On the drawing board: Factory by OMA


OMA’s Manchester-based arts venue, Factory, is set to be a major new cultural hub for the North and the key to local regeneration


Words by Cate St Hill

Factory is being hailed as the new flagship cultural venue for the North. Due to start on site soon, it is OMA’s first major public building in the UK, forming part of Manchester’s new St John’s neighbourhood on the site of the former Granada TV Studios. It is being developed by Allied London in partnership with Manchester City Council. The £110m building will be operated by Manchester International Festival, offering audiences a broad, year-round programme of dance, theatre, music, opera and visual arts in the building’s huge, flexible spaces. Ellen van Loon, OMA partner in charge of the project, spoke to Blueprint about Factory and the role it will play in Manchester’s thriving cultural scene.

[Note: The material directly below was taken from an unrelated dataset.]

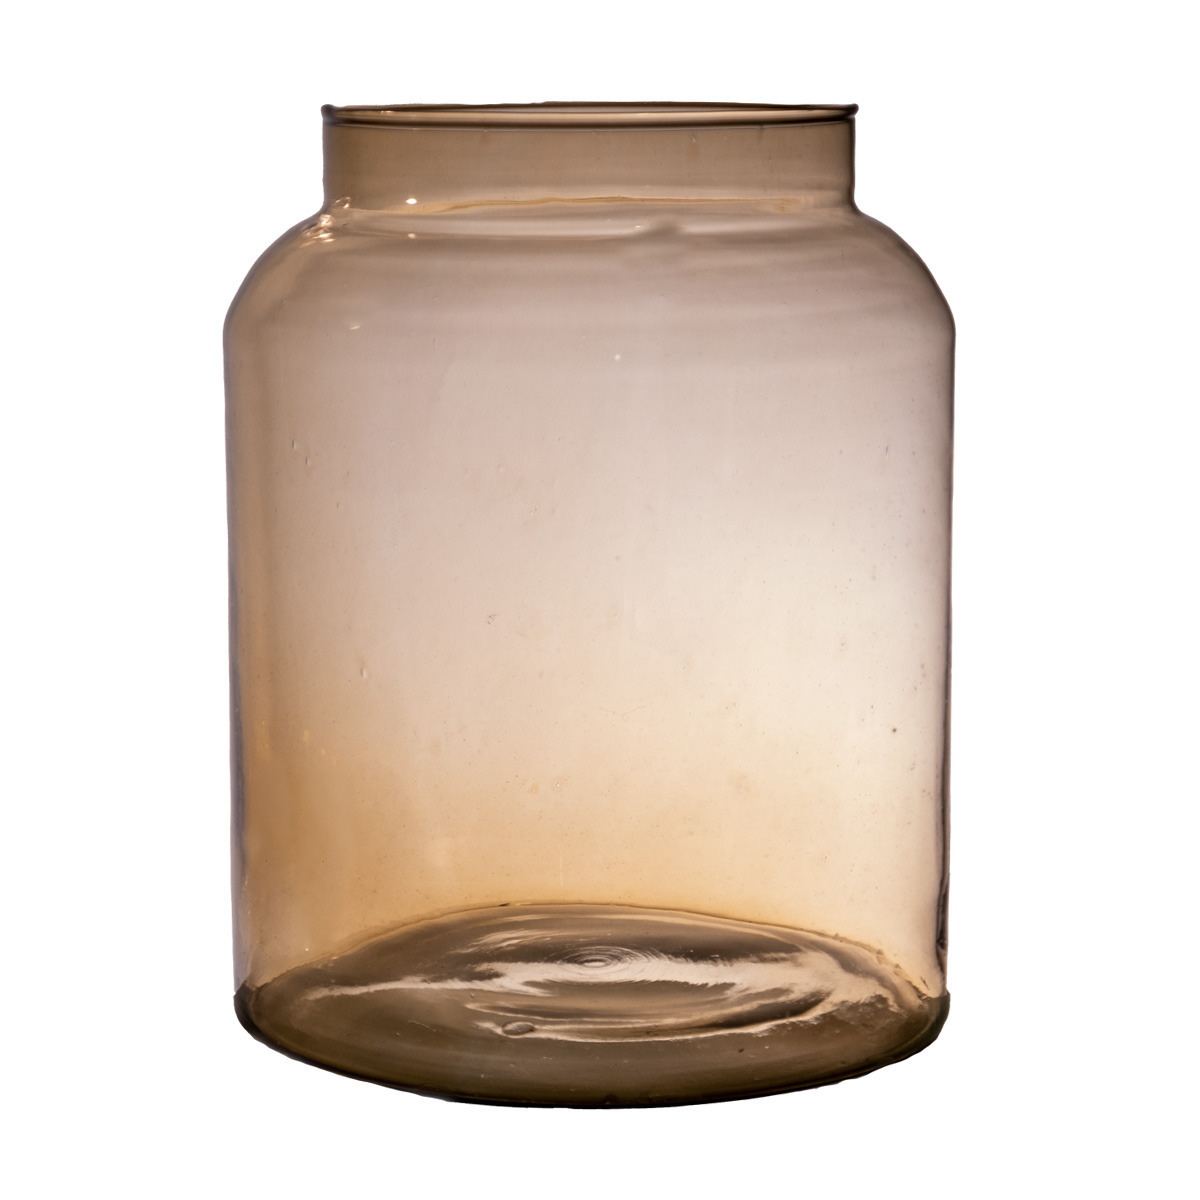 Hakbijl Glass Bloemenvaas Shape transparant amber eco glas D19 x H25 cm Melkbus vaas

What was the initial inspiration for Factory, and how did you develop the form of the building?
The initial inspiration for the design was that performance spaces need to be designed for maximum freedom. The idea was to actually create a large space that is completely multifunctional and you could say almost oversized, so you can do anything with it. When visiting the building you can experience a totally contemporary piece of music, art or performance, but at the same time you can also take in a more classical theatre experience — that’s why the design is a big box, in combination with a more traditional theatre shape. By combining the two volumes you can make very large pieces with dramatic stage performances, where the big box is the whole stage and back stage for the theatre.

How are those two volumes arranged?
There are different routes in the building because the idea is that all kinds of people from the public can experience the building totally differently every day. There is an option where you enter the building in the main foyer on the ground floor, then you can go to the contemporary space and after that to the theatre space. So you can basically use the building as a festival building, where you walk through and go from one performance to another. Or there’s an option where you enter the building and go to the theatre but never see the contemporary space, or vice versa.

How does the building relate to its surroundings in the new St John’s neighbourhood?
The location is a former industrial site, which is quite complicated. First of all we have a huge level difference because we have the old Pineapple train line level that’s actually 6m above ground. We also have a major road, Water Street, which is for the whole new development area, and there is the river.

The ground-level is the entrance for the building, facing Festival Square, and then the whole performance box is moved to the level of the Pineapple line, facing on one side the Museum of Science and Industry, and on the other new residential towers to be built. In the theatre is a huge window where you can look out on to the river, and the whole ground floor is connected to an urban space.

 The level difference is something of a barrier in the city but because the building is connecting both, as a pedestrian you can enter the building, go through it and overcome all the different urban levels around it — the building is almost a kind of connector. Traditionally theatres are normally closed unless there is a performance, but the idea is that this building is always open — it becomes a piece of the city where you can wander through, even if you’re not going to a performance.

Ellen van Loon, OMA partner in charge of the projectEllen van Loon, OMA partner in charge of the project

Were you inspired by Manchester’s rich cultural scene?
The most interesting culture pieces are always produced in abandoned industrial areas, not just in Manchester but elsewhere in major cities too. And of course Manchester, because it has quite a lot of redundant buildings and is relatively cheap compared to London, automatically created a good foundation to enable this kind of cultural development. It was very important with Factory that we kept that feel of the history of Manchester and the abandoned industrial areas. We tried to translate that into our architecture; it’s more warehouse-type architecture.

How will Factory complement other cultural institutions, such as HOME, in Manchester?
The scale of the spaces we’re providing at Factory are much, much larger and more flexible than at HOME. In the new Factory building, you can basically make an art piece of 30m x 40m, and still enable the public to go around. But I don’t see the Factory building as a standalone — it’s more an addition to the existing programming in Manchester. The only difference is that the Manchester International Festival has a building of its own but, as with this year’s event, it will still use other buildings across the city. Then I think it becomes interesting because with the addition of Factory, there would be a much more complete schedule of spaces that enable any type of performance.

How is the project progressing? What stage are you at?
We’re excited: we have planning approval and are getting prepared to start construction.